Cette page est affichée en anglais. Une traduction française est en cours.
SkillsApr 7, 2026·1 min de lecture

Instructor — Structured LLM Outputs with Pydantic

Extract structured data from LLMs using Pydantic models. Works with OpenAI, Anthropic, Gemini, and local models. The simplest way to get reliable JSON from any LLM.

Pydantic
Pydantic · Community
Prêt pour agents

Installation avec revue préalable

Cet actif nécessite une revue.
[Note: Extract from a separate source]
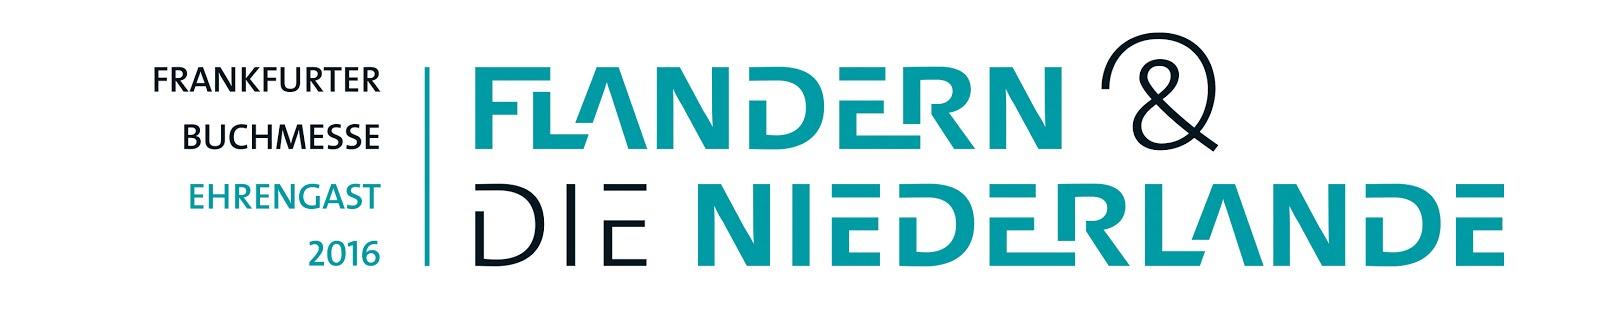 fbf-2016_flandern-nl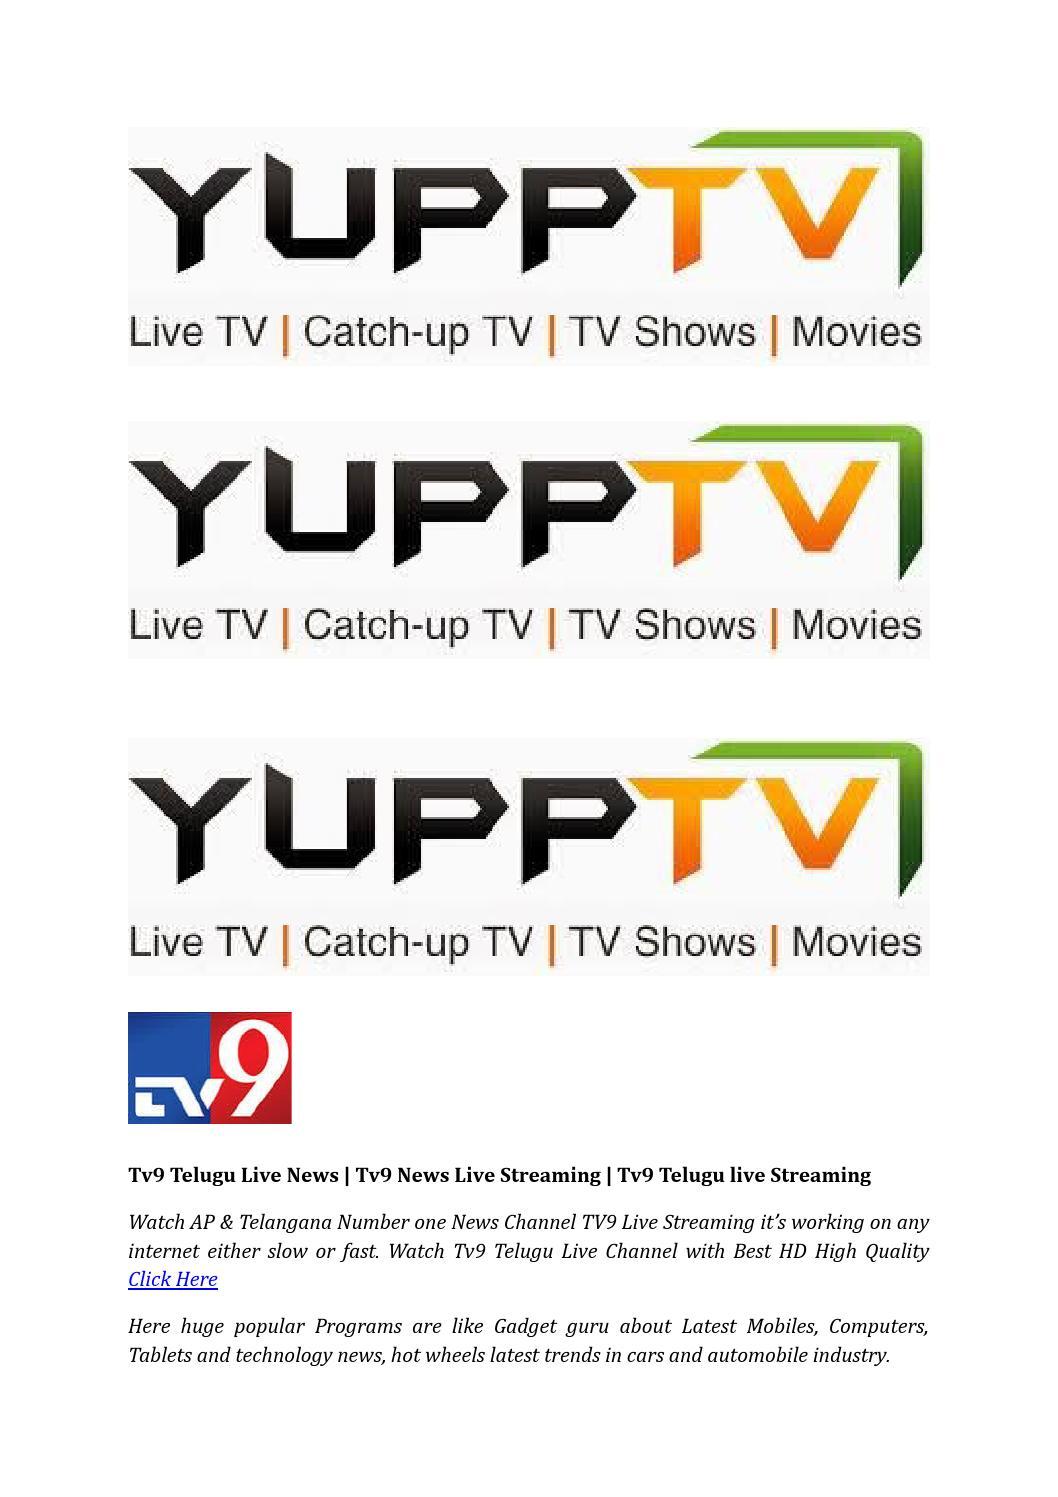 Tv 9 News Live Today Tv9 Kannada Live ಟಿವಿ9 ಕನ್ನಡ

Le prompt copié demande un dry-run, affiche les écritures, puis continue seulement après confirmation.

Needs Confirmation · 66/100Policy : confirmer
Surface agent
Tout agent MCP/CLI
Type
Skill
Installation
Single
Confiance
Confiance : Community
Point d'entrée
Instructor — Structured LLM Outputs with Pydantic
Commande avec revue préalable
npx -y tokrepo@latest install 9301dfb7-b047-4c15-94d2-47d349a77865 --target codex

Dry-run d'abord, confirmez les écritures, puis lancez cette commande.

TL;DR
Instructor uses Pydantic models to extract structured, validated JSON from any LLM including OpenAI, Anthropic, and local models.
§01

What it is

Instructor is a Python library that patches LLM client libraries to return structured data validated by Pydantic models. Instead of parsing raw text or hoping for valid JSON, you define a Pydantic schema and Instructor ensures the LLM output matches it. It works with OpenAI, Anthropic, Google Gemini, and local models.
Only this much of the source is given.